Как в свое время никейско–каппадокийское богословие было всецело занято борьбой за единосущие, за определение понятий «сущности» и «Ипостаси», так и напряжение богословской мысли в эпоху Ефеса и Халкидона было поглощено, главным образом, христологической проблемой. Было бы, однако, неправильно суживать эту проблему. Она в себе содержит нечто большее, чем христологическая тема; в ней заложена проблема антропологии. В христологии главное внимание было сосредоточено на взаимоотношении божественной и человеческой природ, следовательно, тема о человеке стоит в центре этих споров, хотя бы и заслоненная темой о Богочеловеке.

В том или другом освещении, — александрийском или «восточном», антиохийском, трактовалась оценка человека. Не дав законченной антропологии, писатели этого периода осветили особенным образом проблему о человеке, а в лице Леонтия Византийского обогатили литературу ценным терминологическим вкладом.

Эти писатели (например, Немезий) любят сравнивать внутреннее состояние человека, взаимоотношение его души и тела, с взаимоотношением обоих природ в Ипостаси Богочеловека [833]. По аналогии с христологическим термином «богомужный» (θεανδριχώς) св. Анастасий Синаит создает новые, до него не существовавшие в греческом языке, слова: «душевно–мужественно» (σώματοψύχως), «душевно–телесно» (ψυχανδριαχώς). «По примеру богомужного Христа в человеке душевно–мужественным образом действуют оба начала, — душа и тело» [834]. Или же, в другом месте: «душа, существующая по образу и подобию невидимого Бога Слова, действует душевно–мужественно, т. е. телесно–душевным образом по примеру богомужного Христа» [835]. Тот же писатель применяет к душе и к ее связи с телом чисто христологические термины «безипостасный» и «воипостазированный» [836]. Таким образом, благодаря введению в язык антропологии христологических сравнений и терминов, учению о человеке придается большая богословская значимость и глубина. Антропология становится решительно христоцентричной.
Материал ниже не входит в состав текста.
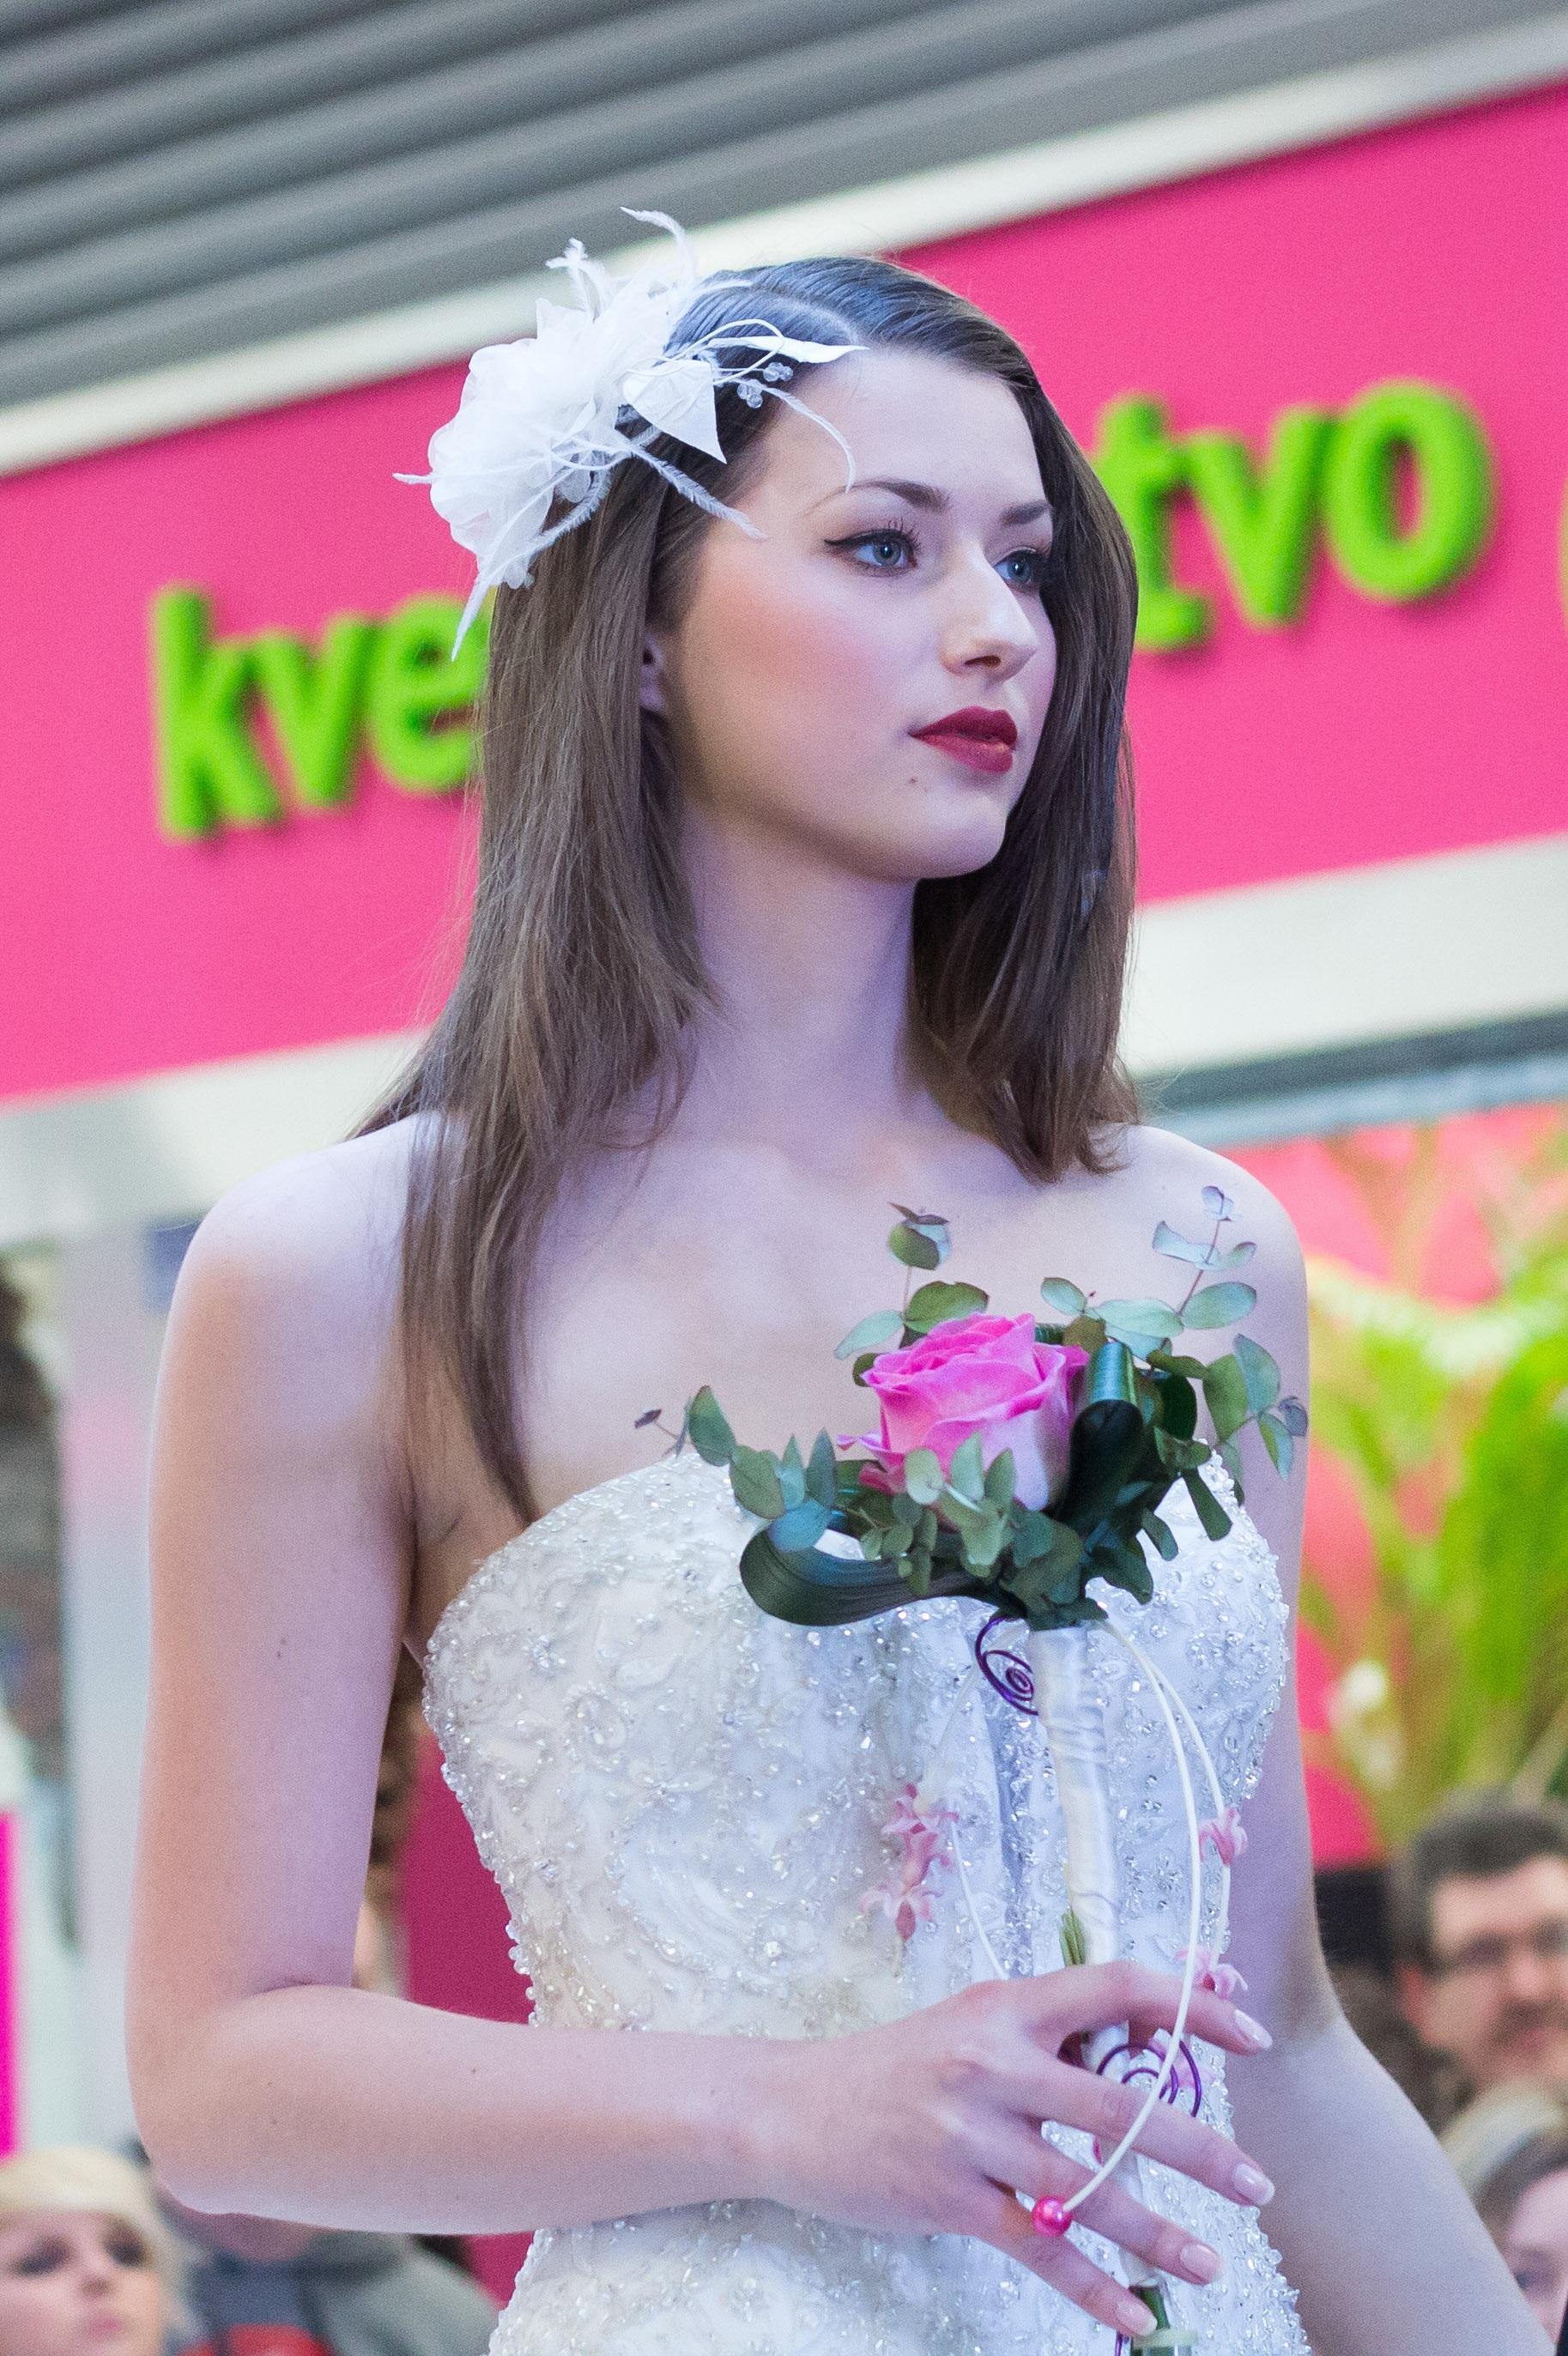 Kostenlose foto : Mädchen, Frau, Modell-, Mode, Kleidung, Dame, Rosa ...
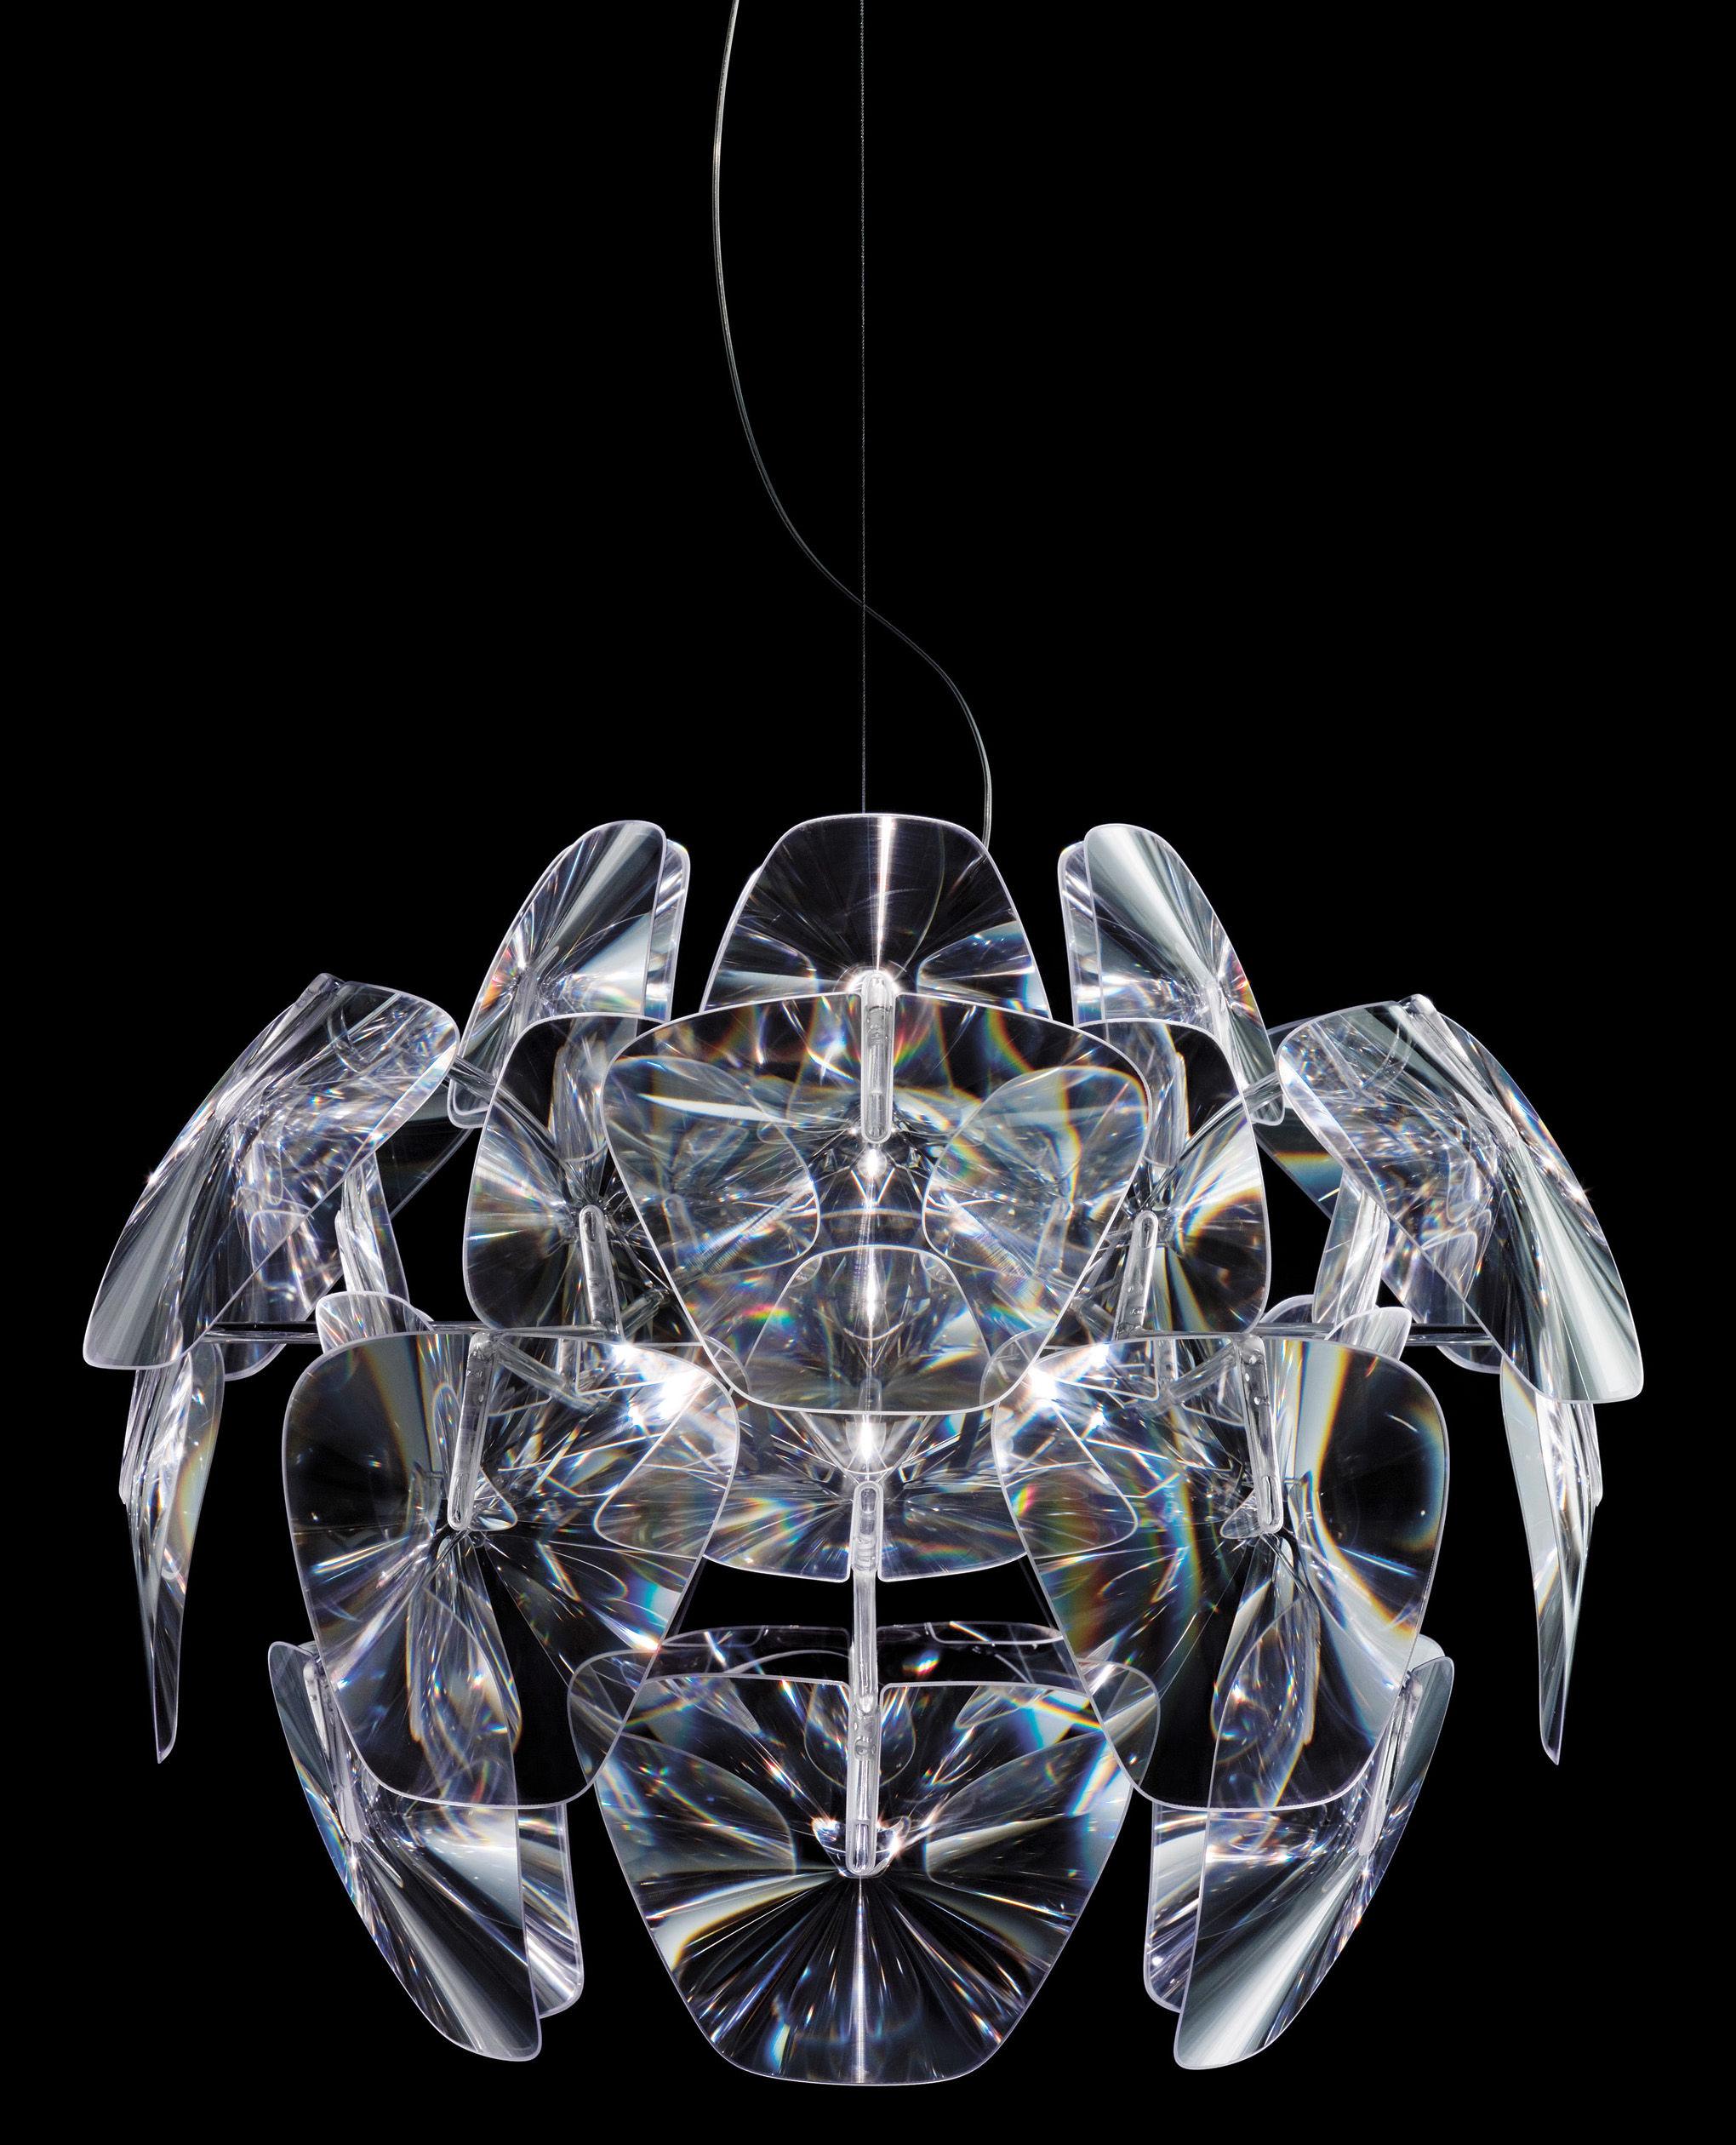 Illuminazione - Lampadari - Sospensione Hope di Luceplan - Ø 61 cm - Trasparente - policarbonato

Оба крайних воззрения на человеческую природу. — александрийское и антиохийское удачно определены терминами: 1. «антропологического минимализма», т. е. самоуничижения человека, гнушения им, наиболее ярким представителем какового направления был Лаодикийский епископ Аполлинарий младший и 2. «антропологического максимализма», с Диодором, Феодором Мопсуестийским и Несторием во главе, старавшимся реабилитировать человека и превознести аскетический подвиг, человеческий героизм [837]. Иными словами, идет ли здесь речь о теофании или апофеозе, как формулировал проф. Иванка [838].

Из того немногого, что сохранилось из сочинений Аполлинария, совершенно невозможно воссоздать полную картину его богословия. Фрагменты, собранные и изданные Литцманном [839], могут еще до некоторой степени осветить его тринитарные и христологические воззрения, но что касается его антропологии, как таковой, то составить себе полное о ней представление невозможно. Оценка его науки о человеке не может быть сделана с надлежащею ясностью. Он трихотомист, по крайней мере, во второй период его жизни; и в его трехчастном делении человека — ум, душа и тело, — о. С. Булгаков представляет дух, как ипостасный центр человека, носитель его личности [840].

В христологии, и именно в вопросе о небесном человечестве, если не сам Аполлинарий, то, во всяком случае, его последователи заняли особую позицию, о которой в своем месте будет сказано особо (см. главу о воплощении).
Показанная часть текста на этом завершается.